The following month, a Cal Performances favorite returns to the Zellerbach: Alvin Ailey American Dance Theater. Known for its daring athleticism, the company has performed in Berkeley countless times. This year, the company gives seven performances, bringing four programs of both recent and classic material. In Program A, the company brings two Bay Area premieres—Kyle Abraham’s Another Night (pictured below), inspired by Art Blakey and the Jazz Messengers’ landmark recording of “A Night in Tunisia,” and director Robert Battle’s Strange Humors (pictured above), set to an energetic score by British composer John Mackey. Program B consists of Grace and Minus 16, two very popular repertory works from 1999. In the third program, audience members will get a chance to see Garth Fagan’s newly restaged From Before, first choreographed by Fagan in 1978. The program also contains Rennie Harris’ Home, which premiered in the Bay Area last year. Lastly, the company brings a program of Ailey classics, a series of excerpts from eight pieces choreographed by Ailey himself, spanning nearly 20 years of the company’s history. As always, each performances concludes with the unforgettable Revelations.

In addition to its annual dance engagements, Alvin Ailey shares a special relationship with Cal Performances due to our hosting of AileyCamp, a six-week tuition-free dance camp for at-risk youth. As the only AileyCamp location on the West Coast, Cal Performances has produced produced the day camp in association with Alvin Ailey Dance Foundation for 11 years and counting. David McCauley, Director of AileyCamp Berkeley, said of the 2012 session’s concluding performance, “When [the campers] talked about the show, tears would start to well up in their eyes. And that’s how you know there was a real exchange of energy.” This year’s AileyCamp final performance will take place on August 1 at 7:00 p.m. Watch for more details on location.
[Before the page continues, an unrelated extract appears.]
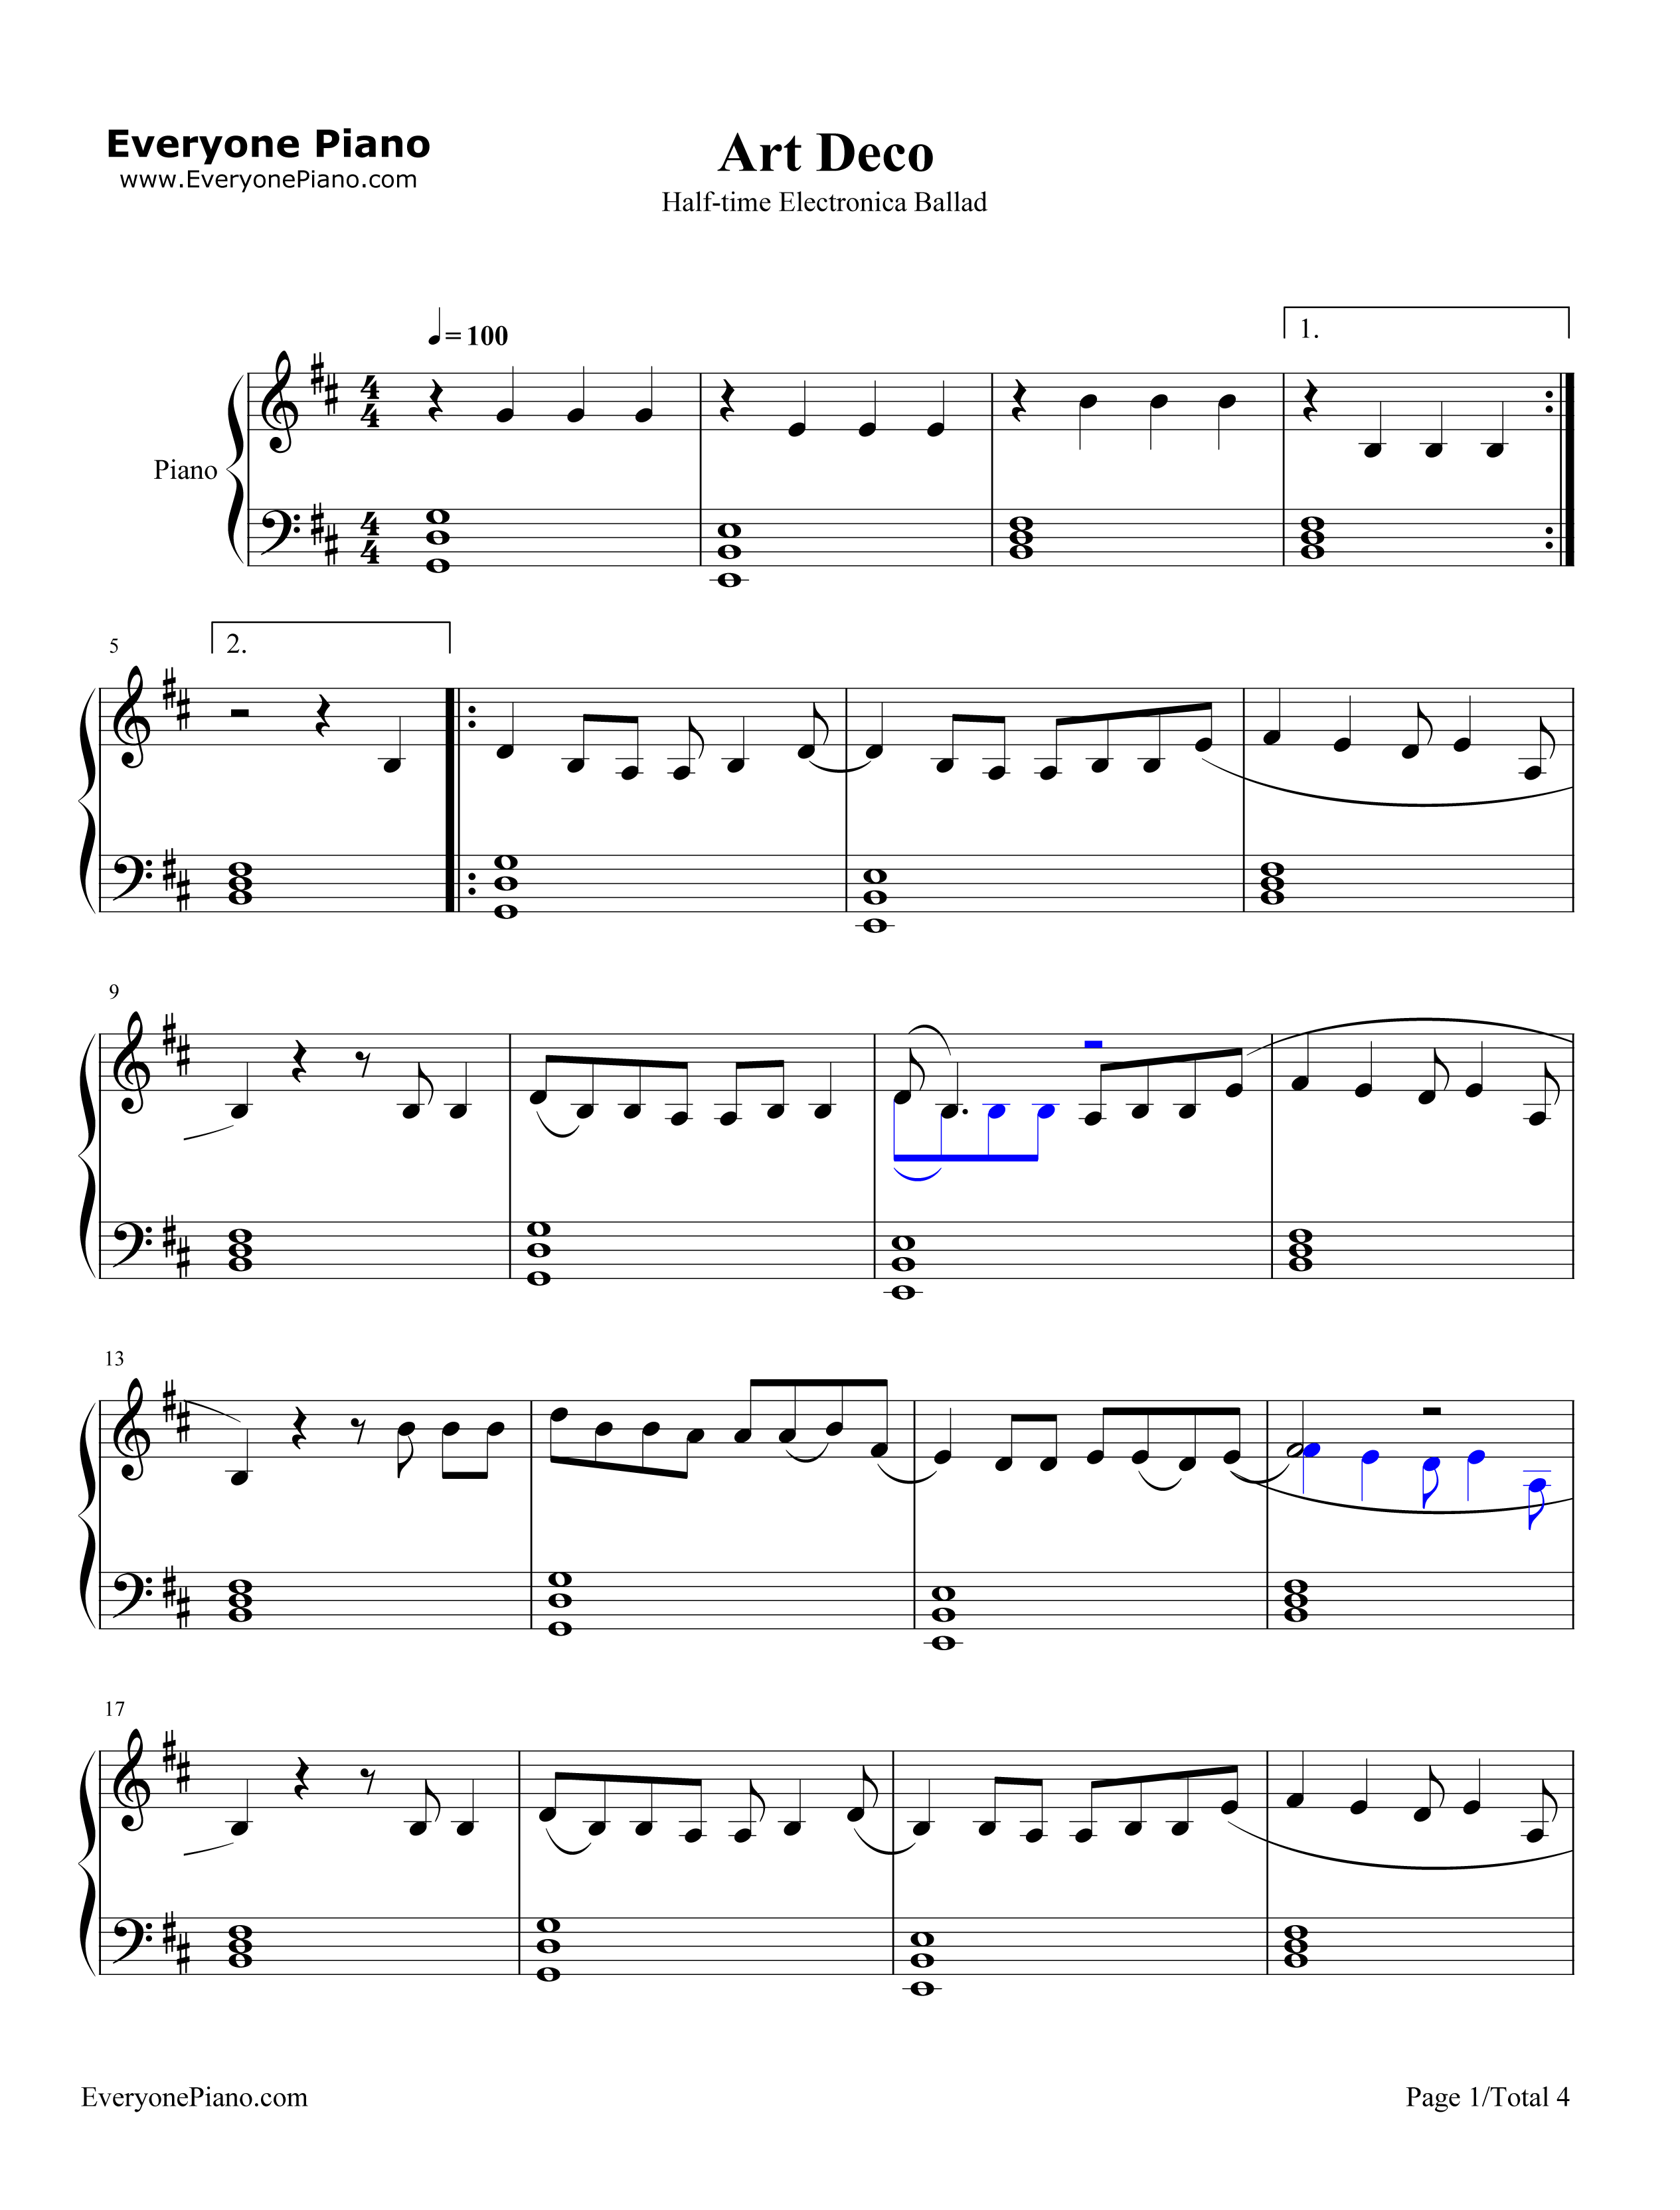 Art deco lana del rey stave preview 1 free piano sheet for Art deco lana del rey

As part of their world tour, Eifman Ballet of St. Petersburg brings Rodin, a new full-length ballet that explores the relationship between French sculptor Auguste Rodin and his muse, Camille Claudel. Boris Eifman, director and choreographer, says, “The main idea of the new production is the price that great artists have to pay for their masterpieces, which is deep drama and intolerable severity of their earthly life.” The work is described as a “modern psychological ballet,” in the vein of Eifman’s previous productions—Onegin, Anna Karenina, and others. Formed by Boris Eifman as the Leningrad New Ballet in 1977, Eifman Ballet of St. Petersburg is a modern ballet company that treats the stage as a laboratory. Known throughout Russia as a “choreographer-philosopher,” Eifman eschews contemporary notions of what ballet should be, and is more interested in exploring the ways dance can delve into the human mind and spirit.